**Material provided**
Segment Open

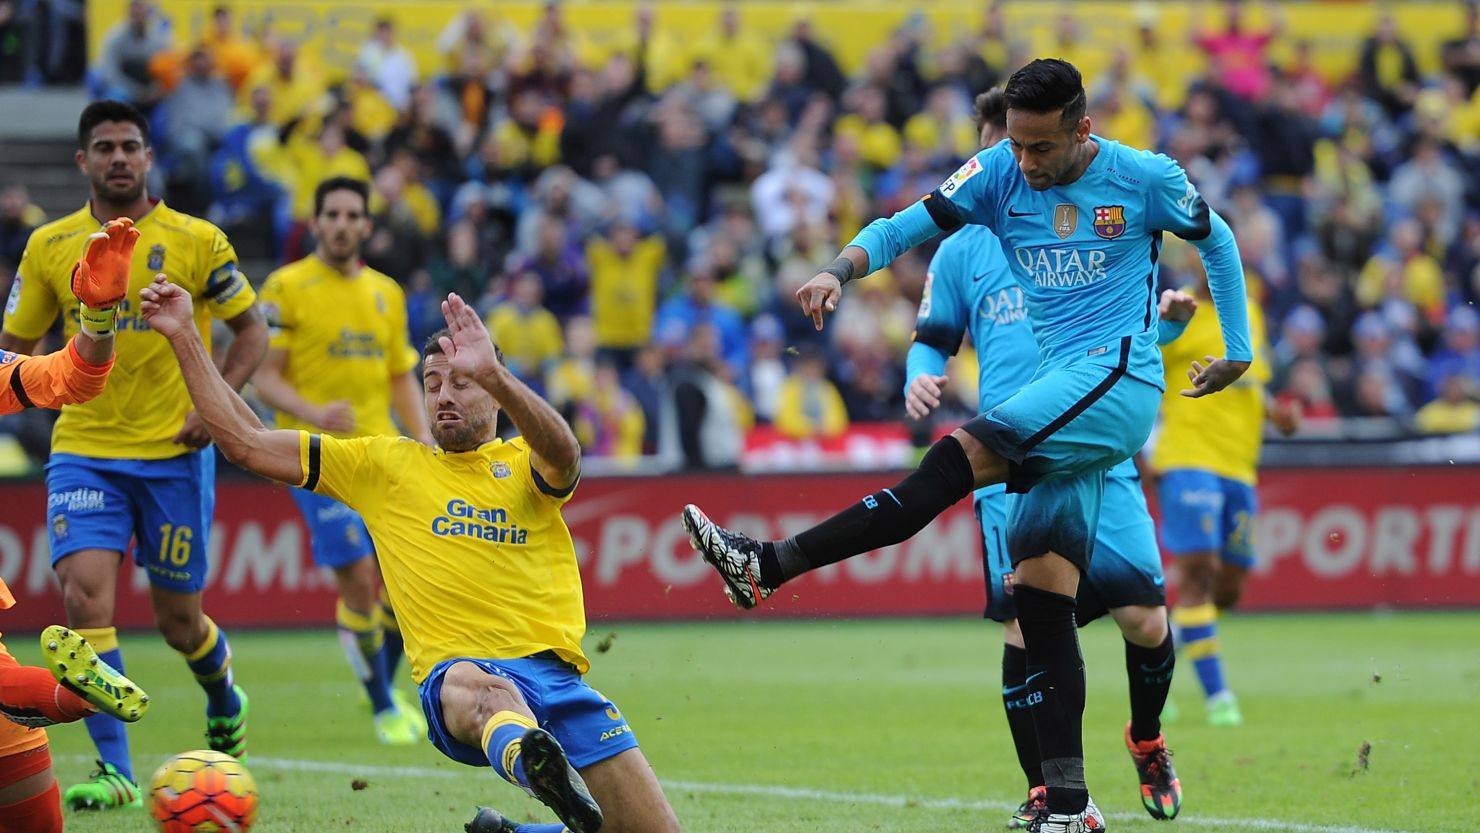 Neymar strikes home Barcelona's second goal in the 2-1 win at Las Palmas in the Estadio Gran Canaria.
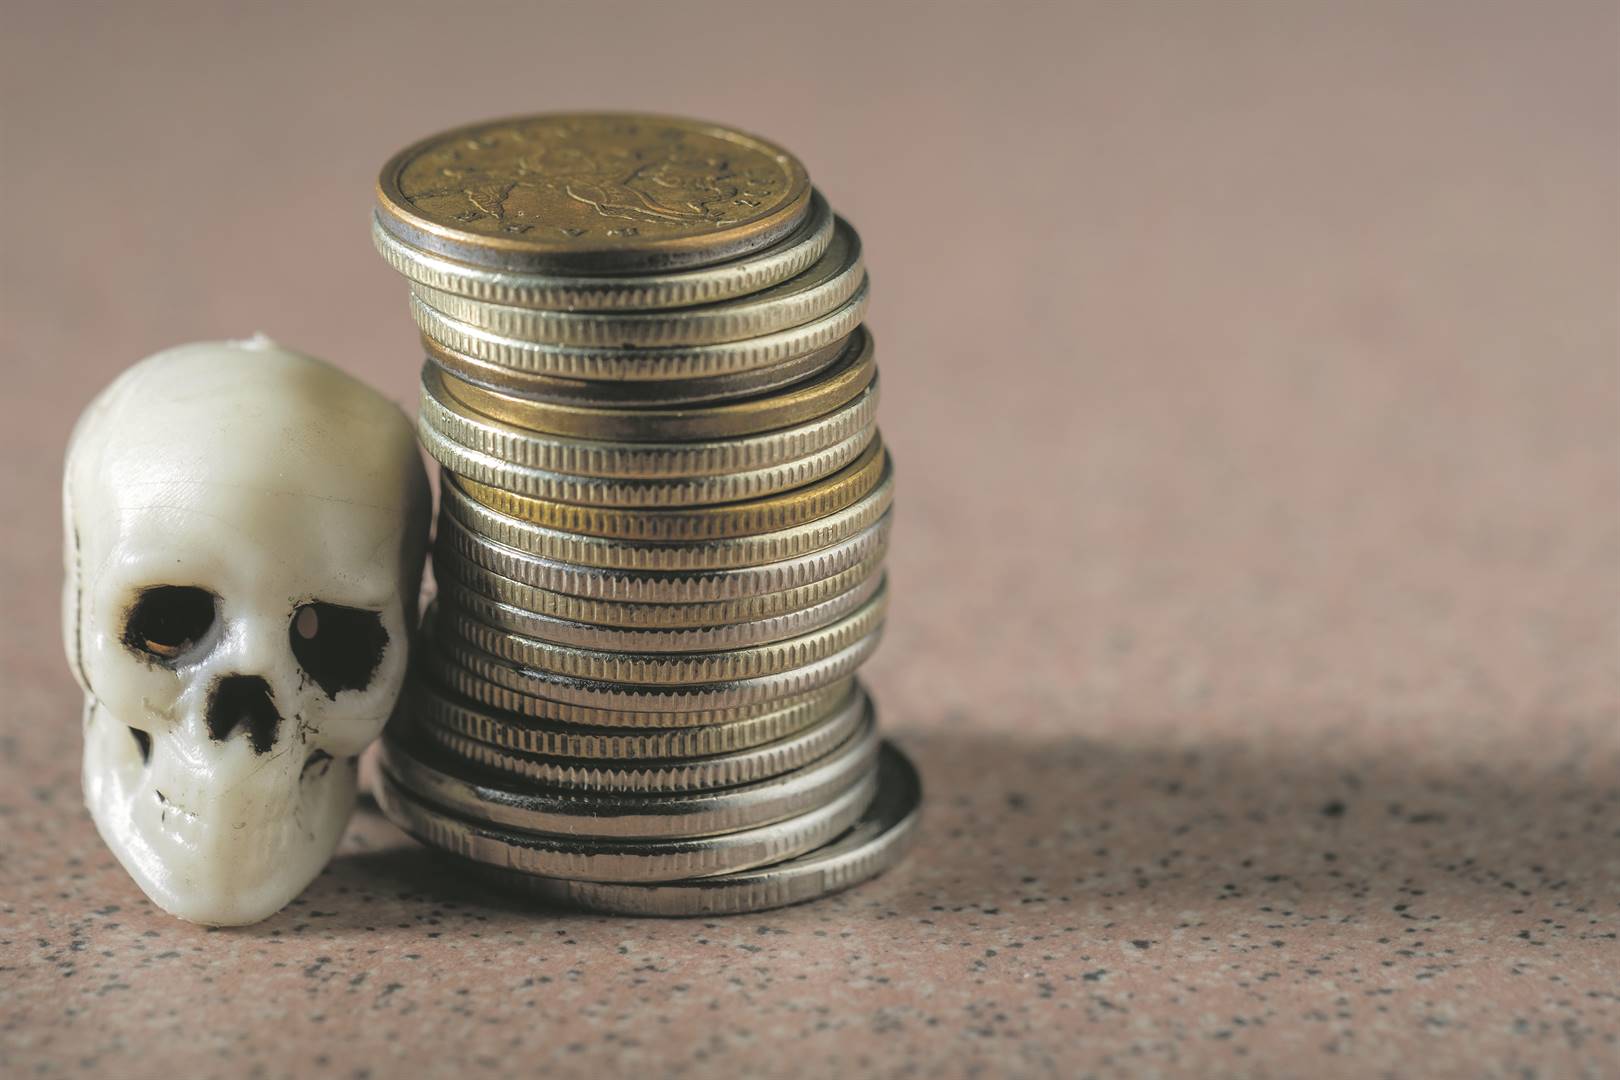 Understanding the cost of death
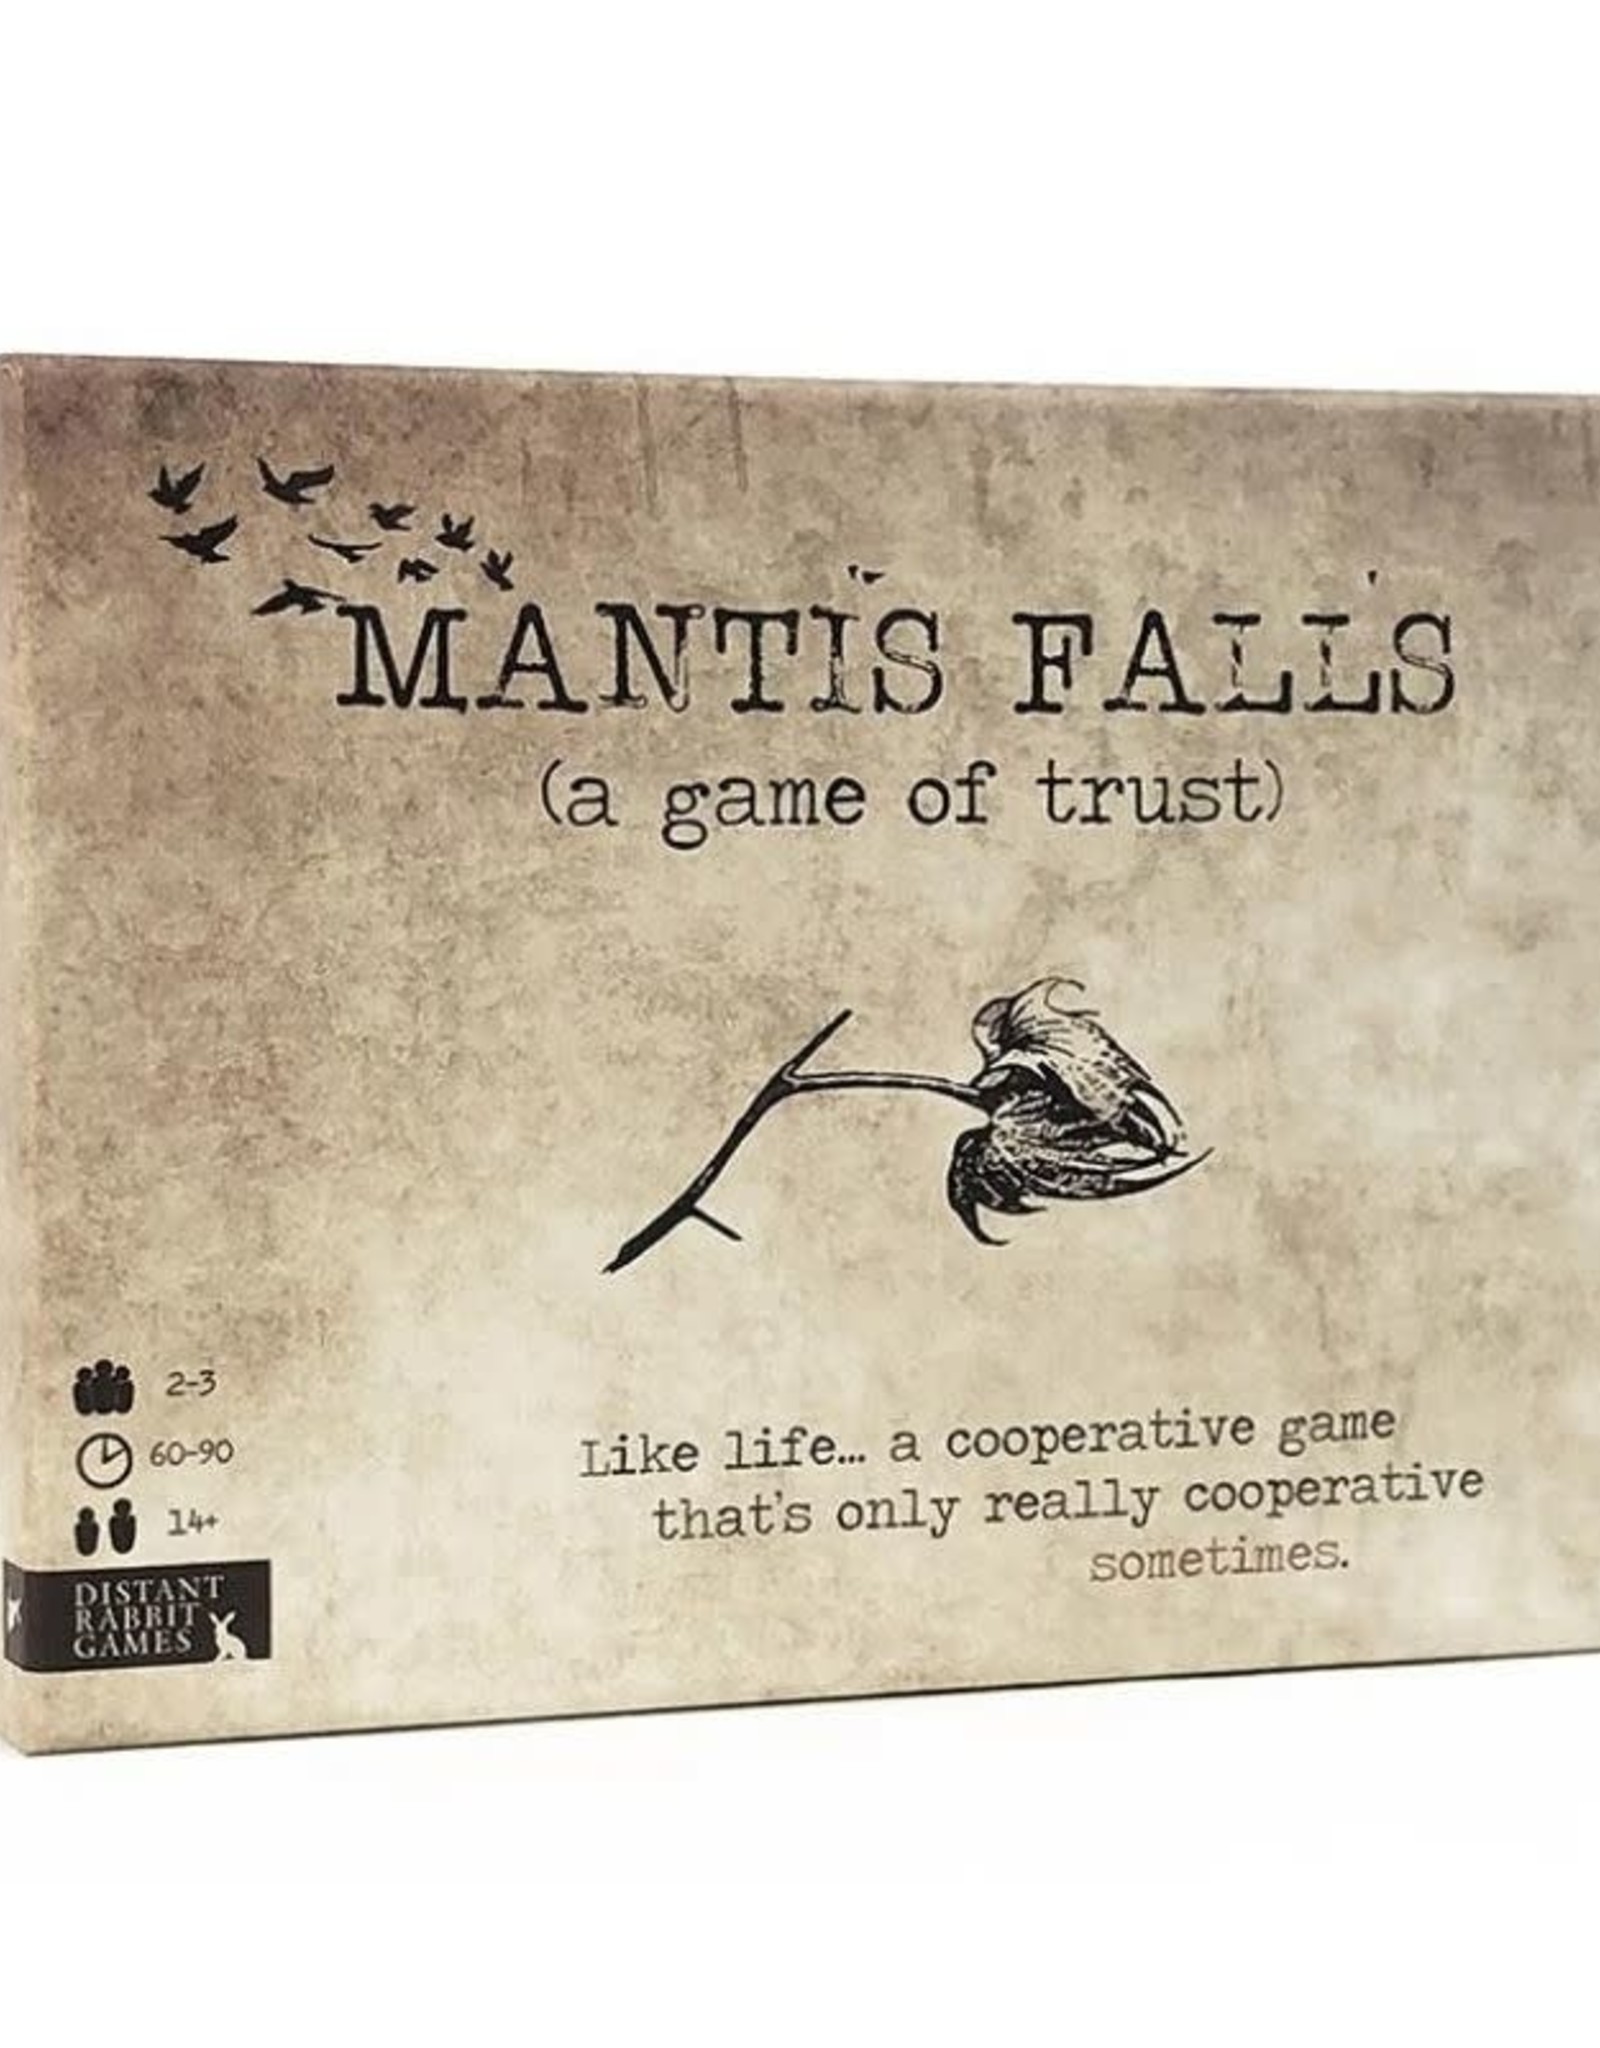 Distant Rabbit Games Mantis Falls: A Game of Trust

Segment Closed

**Task statement**
Please write out the lines above exactly, from the one that contains "Understanding the cost of death" through the final line, and include none of the pictures.

**Response box**
 Understanding the cost of death
 Distant Rabbit Games Mantis Falls: A Game of Trust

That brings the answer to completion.